Calculate Total Casualties

For purpose of this analysis, criteria for establishing harm to public health is to add up number of fatalities and number of injuries as casualties.

df2.sum$CASUALTIES <- df2.sum$FATALITIES+df2.sum$`df2.health.Isum$INJURIES`

Rename columns appropriately.

colnames(df2.sum) <- c("EventType","Fatalities","Injuries","Total")

Ordering Data and Identifying Top Value

To identify the top event, the dataset is ordered in descending order by TOTAL column. Then the top 5 events are selected for comparison.

df2.ordered <- df2.sum[order(df2.sum$Total,decreasing = TRUE),]
df2.top <- df2.ordered[1:5,]

knitr::kable(df2.top)
EventType Fatalities Injuries Total
33 TORNADO 5633 91364 96997
32 THUNDERSTORM WIND 740 9537 10277
10 EXCESSIVE HEAT 2202 7124 9326
13 FLOOD 529 6888 7417
24 LIGHTNING 817 5232 6049
ggplot(df2.top,aes(EventType,Total)) + geom_bar(stat="identity",fill=rainbow(5)) + labs(title="Top 5 Most Harmful Events", x="Event Type", y="Total Casualties")

Top Five Harmful Storm Events

Based on the table and plot above, the most harmful storm type is TORNADO which caused casualties (fatalities + injuries) of 96,997. It is far ahead in terms of casualties if compared to the second ranked event.

Processing and Analysing for Most Economic Consequences Storm Event

The following steps were done to identify the storm event with most economic consequences.
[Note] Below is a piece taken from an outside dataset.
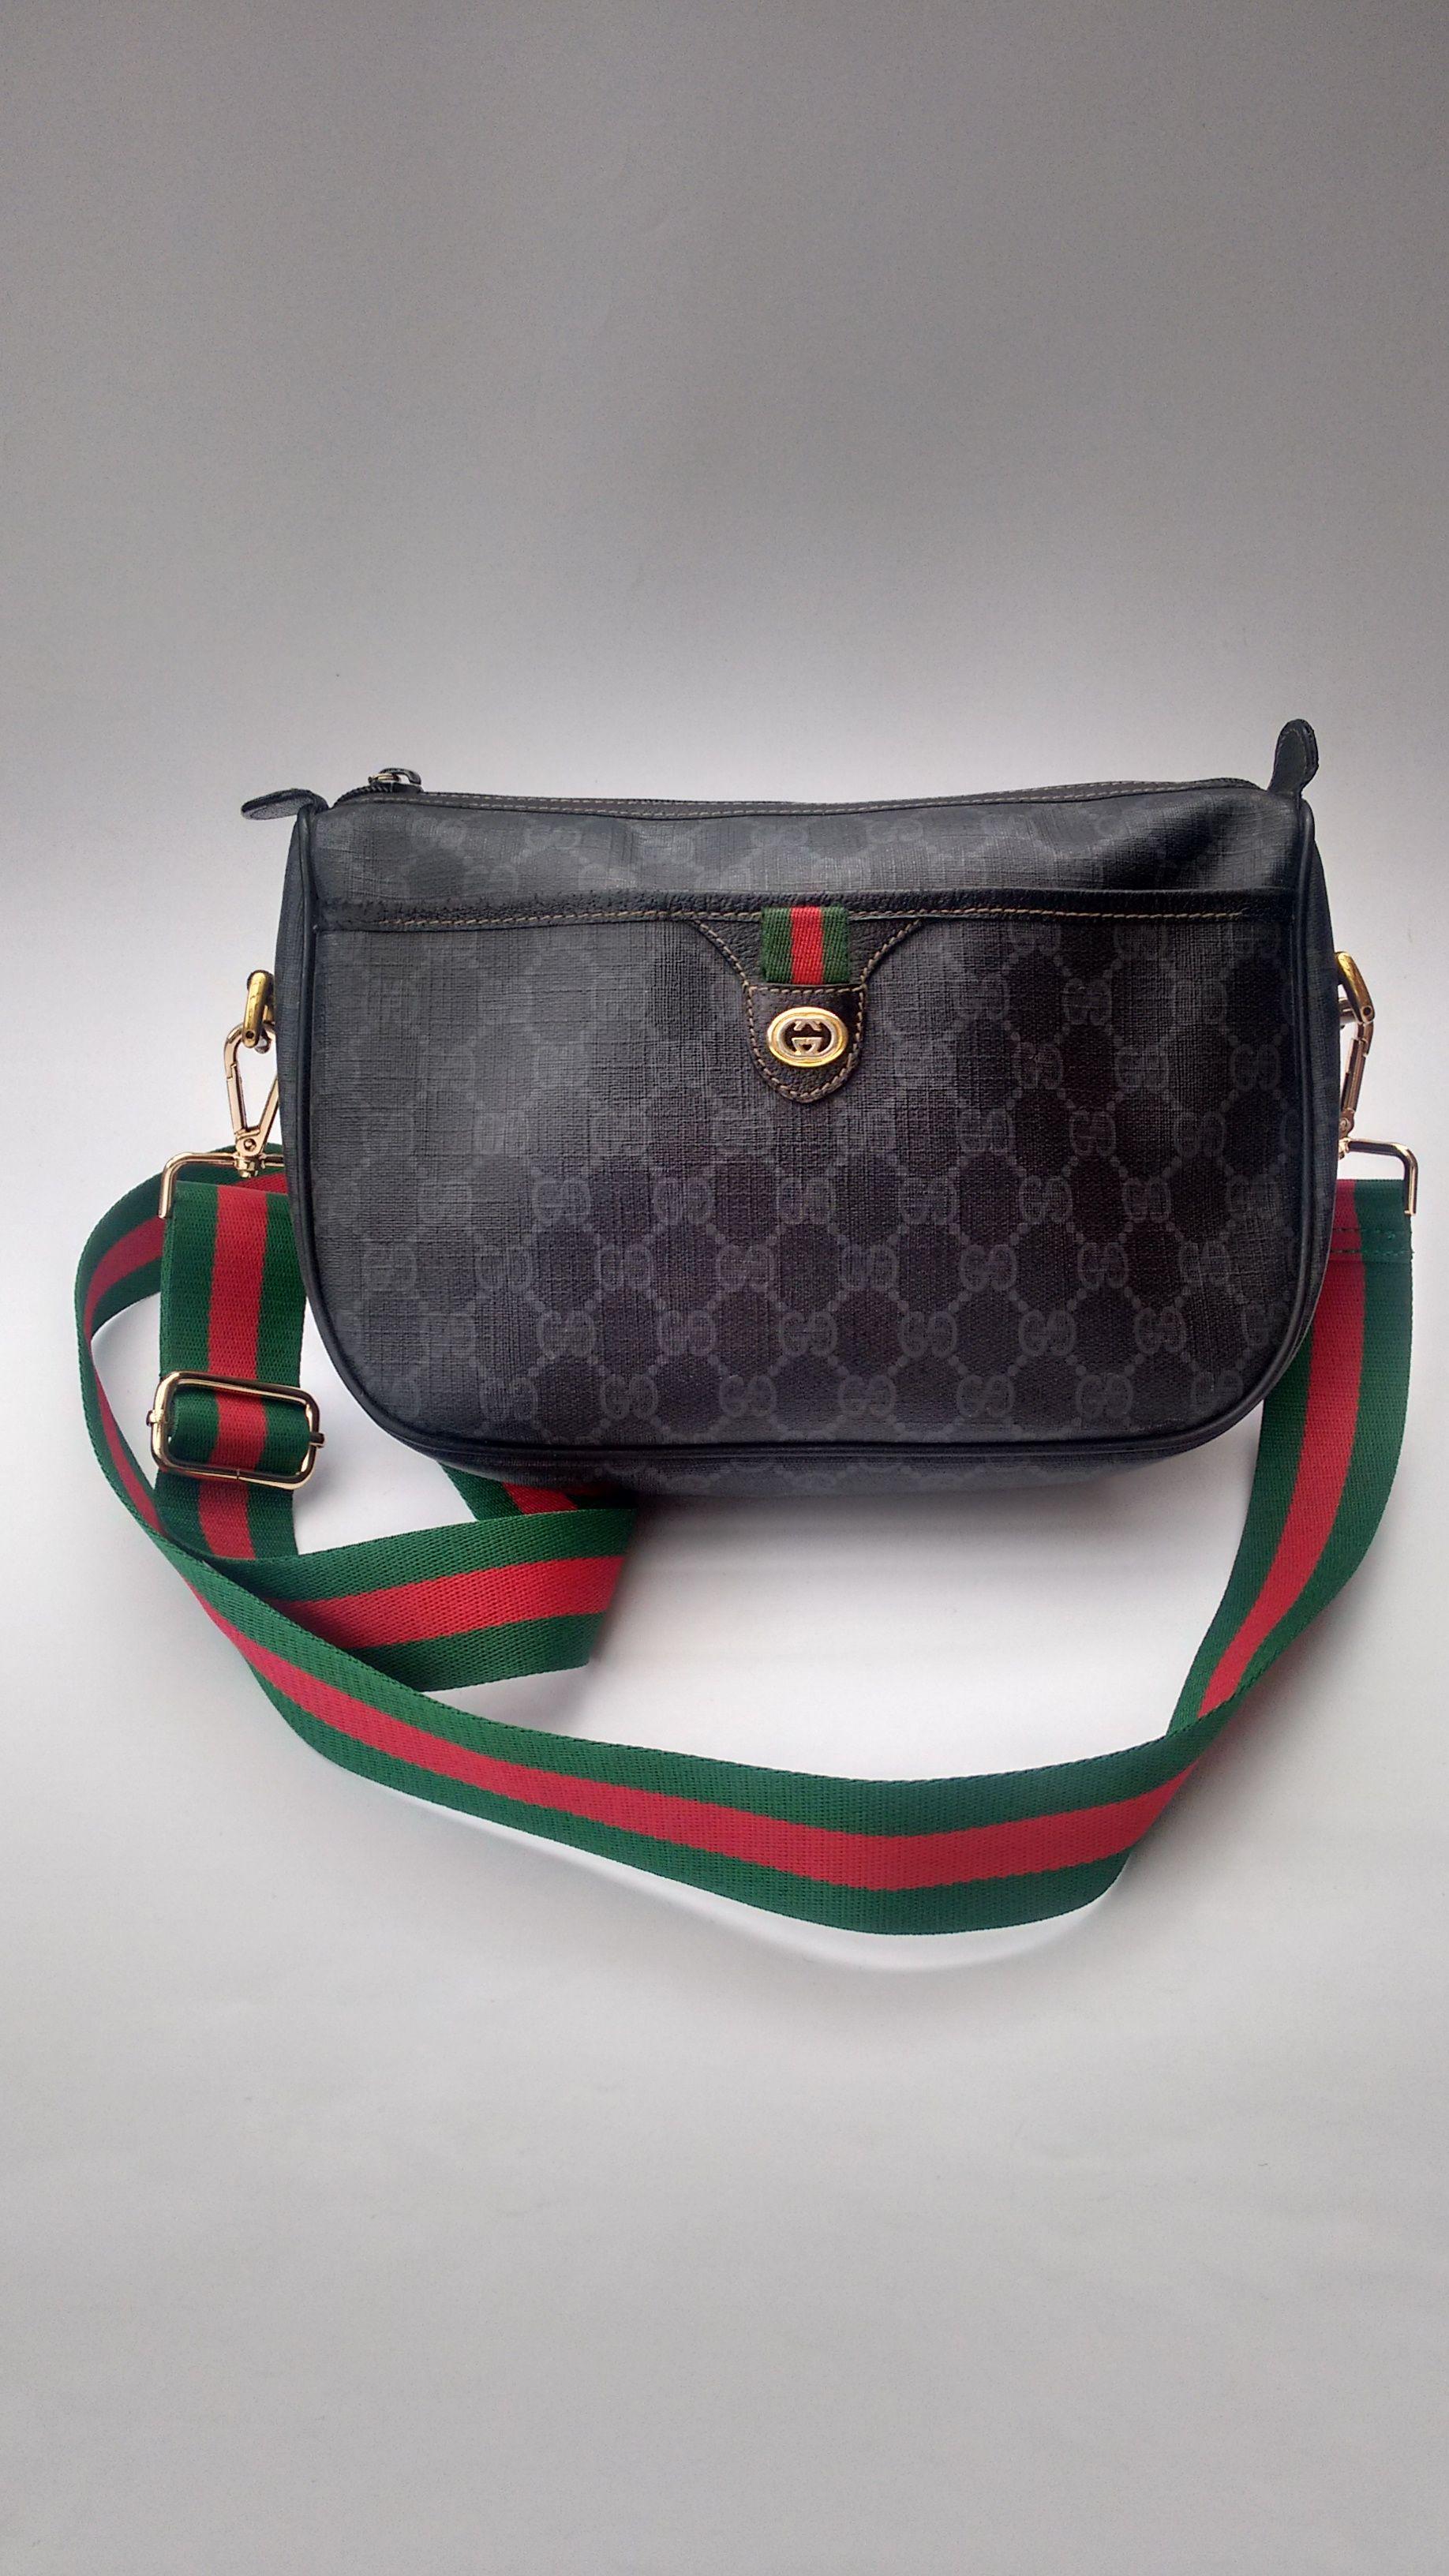 0fc2bd6c1a0c11 GUCCI Bag. Gucci Vintage Ophidia Monogram Black Web Shoulder / Crossbody Bag.  Italian Designer Bag.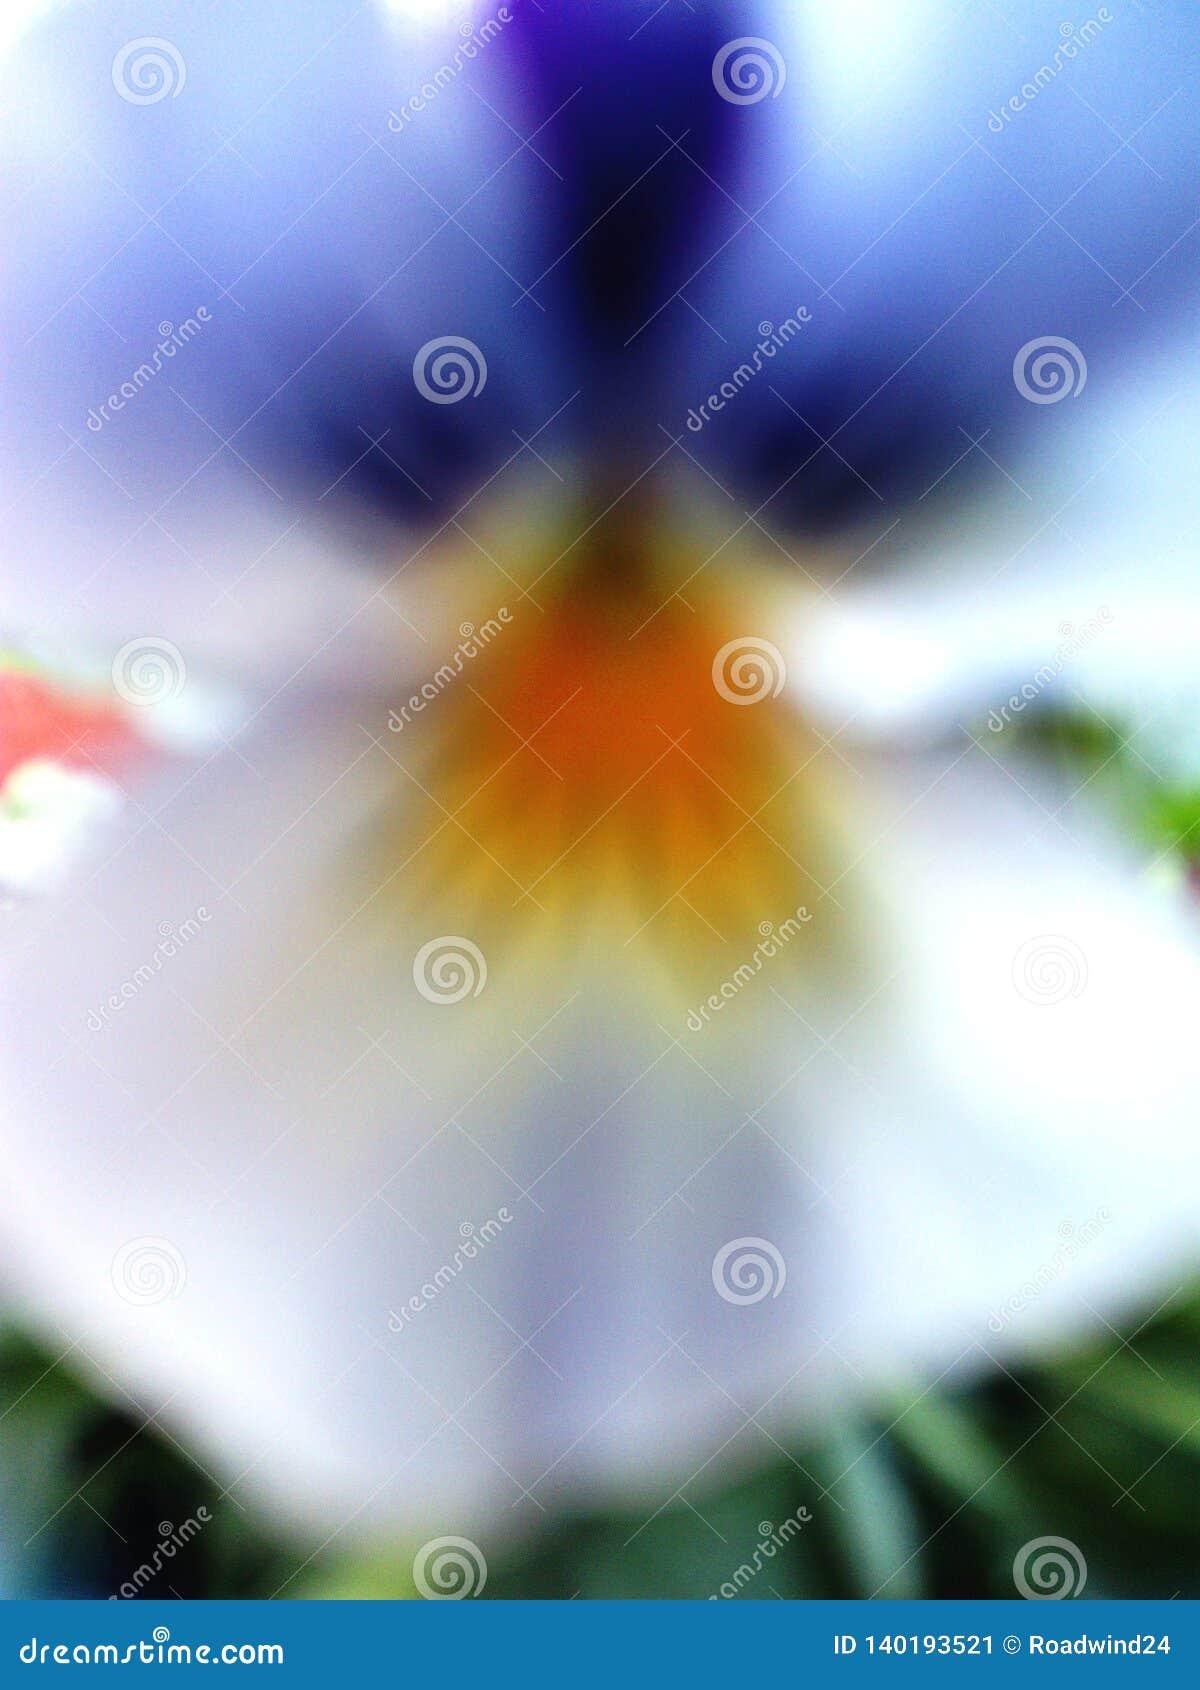 Abstract birdlike flower viola tricolor

Select Relevant Rows and Columns

Select columns EVTYPE, PROPDMG, PROPDMGEXP, CROPDMG and CROPDMGEXP. Select rows where PROPDMG OR CROPDMG values are more than zero.

df3 <- df[,c(8,25,26,27,28)]
df3.economy <-df3[df3$PROPDMG>0|df3$CROPDMG>0,]
nrow(df3.economy)
## [1] 245031
sum(complete.cases(df3.economy))
## [1] 245031

This results in 245031 rows of data. Again, there is no NAs as the sum(complete.cases()) returns same value as nrow().

Basic Cleaning

Convert values to upper case, remove leading/trailing whitespaces, remove whitespaces in between.

#upper case 
df3.economy$EVTYPE <- toupper(df3.economy$EVTYPE)

#remove leading or trailing white spaces (reduces 8 duplicates)
df3.economy$EVTYPE <- str_trim(df3.economy$EVTYPE)

#remove double spaces
df3.economy$EVTYPE <- gsub("  "," ",df3.economy$EVTYPE)

There were 2 rows with invalid data for EVTYPE (values ? and “APACHE”). The strategy used is to remove the rows.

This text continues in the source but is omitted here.